Trace of product of gradient

Question

Consider vector field $v$. We know, that $Tr(\nabla v)=div ~ v$. Is is true that $$Tr(\nabla v\nabla v)=(div ~ v)^2$$ Thanks for any hint.

Answer 1

A simple counterexample in $\mathbb R^n$.

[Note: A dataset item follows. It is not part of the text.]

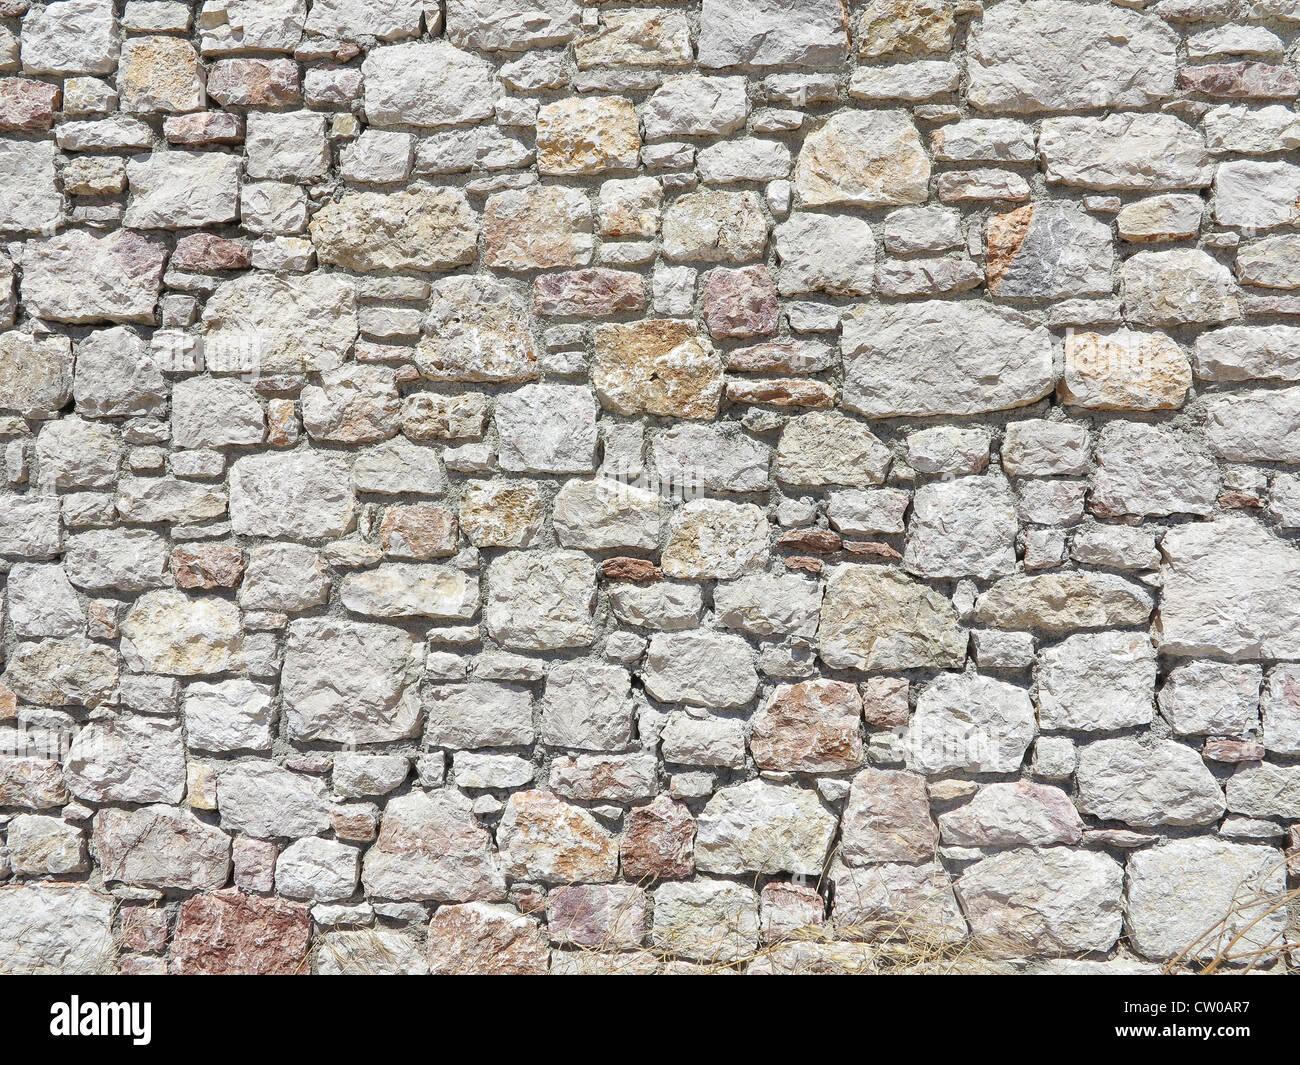 block stone wall made from irregular sized stone blocks stock photo
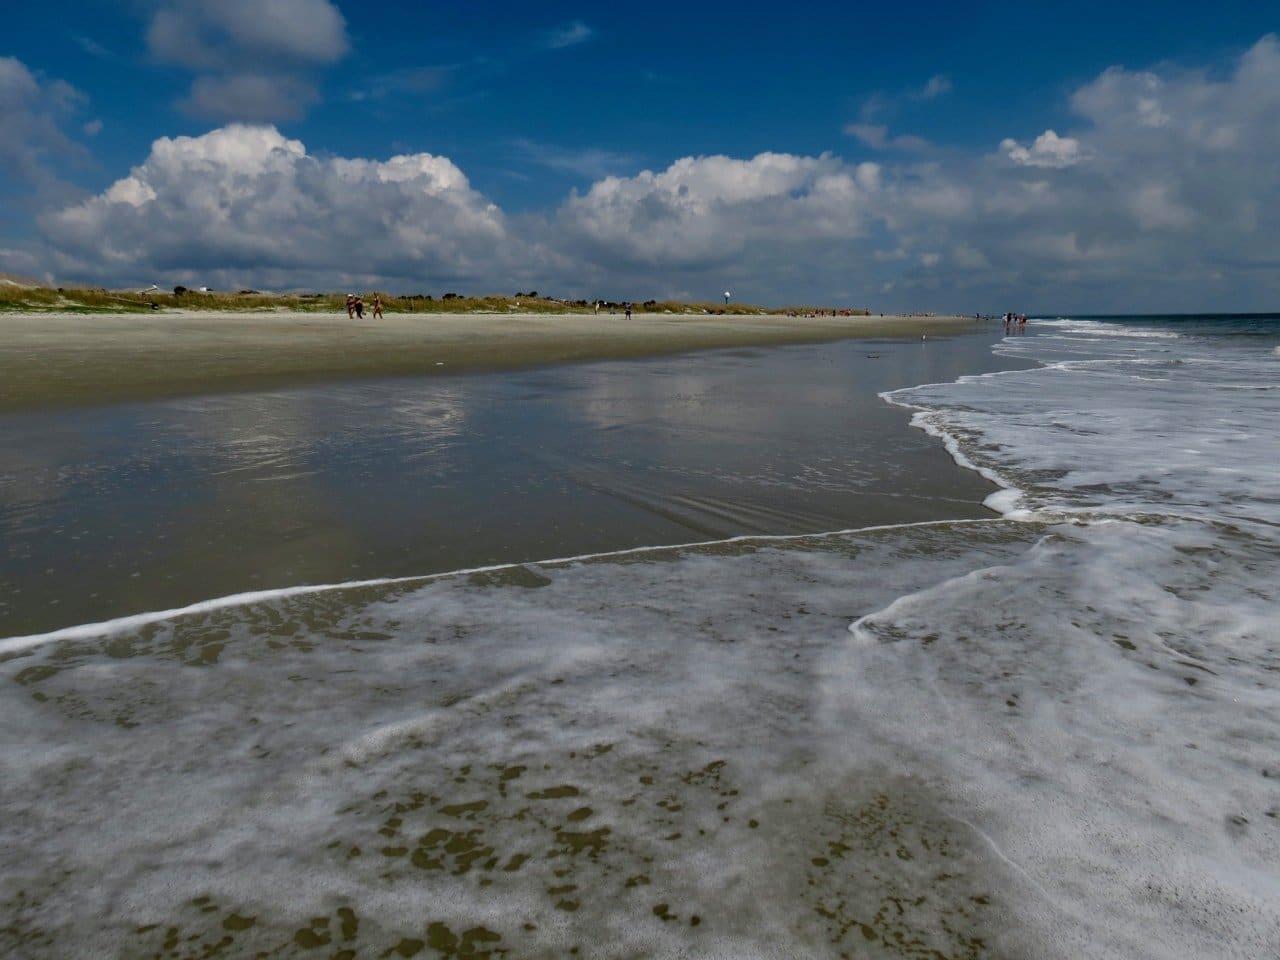 The beach on Tybee Island

Take the identity vector field $J: x \mapsto x$. Then the Jacobian $\nabla J$ is the identity matrix $I_n$. So

$$Tr(\nabla J \cdot \nabla J)= Tr(I_n)= n \neq n^2= (div \ I)^2$$

Answer 2

By considering $\nabla v$ to be the Jacobian of the vector field $v$. One can show that:

$$\nabla v \nabla v = \begin{bmatrix} \nabla v_1^T\\ \dots\\ \nabla v_n^T \end{bmatrix} \begin{bmatrix} \partial_{x_1}v & \dots & \partial_{x_n}v \end{bmatrix} = \begin{bmatrix} \left< \nabla v_1, \partial_{x_1}v\right>& \dots & \dots\\ \dots & \dots & \dots \\ \dots & \dots & \left< \nabla v_n, \partial_{x_n}v\right> \end{bmatrix}$$

Hence,

$$Tr(\nabla v \nabla v) = \sum_{i=1}^{n} \left< \nabla v_i, \partial_{x_i} v\right > \;\;(1)$$

And $$\left< \nabla v_i, \partial_{x_i} v\right > = \sum_{k=1}^n \frac{\partial v_i}{\partial x_k} \frac{\partial v_k}{\partial x_i}\;\;(2)$$

Therefore, from (1) and (2):

$$Tr(\nabla v \nabla v) = \sum_{i=1}^n\sum_{k=1}^n \frac{\partial v_i}{\partial x_k} \frac{\partial v_k}{\partial x_i} \;\;(3)$$

Now $$\text{div}(v) = \sum_{i=1}^n \frac{\partial v_i}{\partial x_i}$$

$$\left ( \text{div}(v) \right )^2 = \left (\sum_{i=1}^n \frac{\partial v_i}{\partial x_i} \right )\left (\sum_{k=1}^n \frac{\partial v_k}{\partial x_k} \right ) = \sum_{i=1}^n\sum_{k=1}^n \frac{\partial v_i}{\partial x_i} \frac{\partial v_k}{\partial x_k}\;\;(4)$$

From (3) and (4) we deduce that $Tr(\nabla v \nabla v) \neq \left ( \text{div}(v) \right )^2$.

Sorry for the computational "proof". I hope I find a more geometric one in the future.